I'm not trying to call anyone a liar but I've seen this around before and haven't been able to find any proof.  Is there some EPA website that spells this out?  If it is true that sucks, but there are plenty of other good engines out there.  Surplus Center every so often offers a 14HP rebadged Perkins engine (the last time it was wearing Caterpillar yellow) for about $600.  I'm sure it would do just fine with one of those low tech Chinese generators.  I'm contemplating building in a similar "doomsday" setup when we finally build a home.  I want to take it a bit further with at least a 1000 gallon tank filled with a mixture of waste vegetable oil, #2 fuel oil, and whatever else I can get my hands on for free (drain oil, used transmission fluid, etc...).  I already run my truck on waste vegetable oil via a heated fuel system, so it wouldn't be very hard to rig up a stationary manually controlled heated system for a small diesel genset.


----------



## wolfram (Dec 10, 2009)

Check out this current EPA form:

EPA Import Form concerning diesel engines

It is nearly impossible to decipher clearly.  Whether or not small lister-types for gensets are allowed to be imported legally (to the USA) is anyone's guess.  There used to be an exemption for small engines and that exemption appears to be absent now.  Perhaps there is an expert around that could help us.


----------



## btuser (Dec 11, 2009)

I'm thinking I'm going to be right back where I started ( with a small gas-powered portable) by the time I'm done.  After some consideration I don't think I need 15,000 watts and I don't like the idea of burning 1gal/hr when my continuous use would be right along 2000-3000 watts.  I don't need to run an electric dryer or all 4 of my burners + oven when grid power is out.  For a large genset like that propane and diesel are really the only two viable options (it seems) because of the need to have a large amount of fuel to power them.    They also are not kind to well pump motors when governed, or any electronic equipment or compressors for that matter so I'm always weary about using that feature to save fuel.   
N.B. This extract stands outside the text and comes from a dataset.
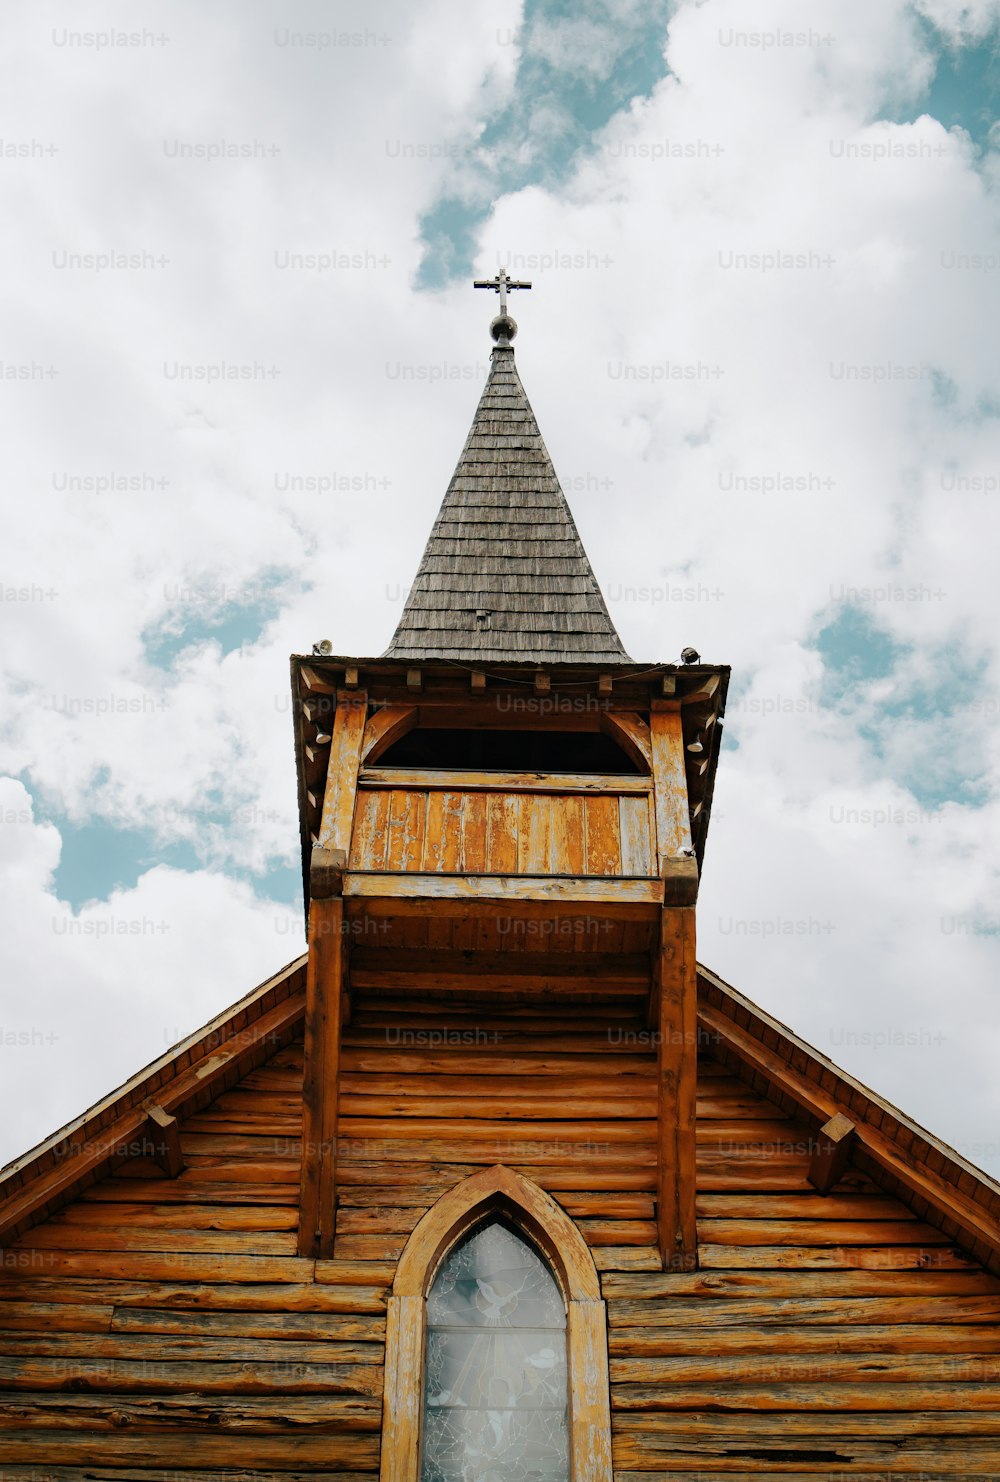 eine Holzkirche mit einem Turm und einem Kreuz auf der Spitze

I'd like to get a 12-24v genset, have a battery bank, then step up to house current with an inverter.  This way I could run the generator at full-power (max efficiency) for short times and have good clean power for whatever I need in the house, plus an easy plug-n-play for solar if that becomes feasible.    Of course at this rate I'd be looking at $5K+ just for parts, which would pay for about 10 gas-powered gensets for the next 30 years!


----------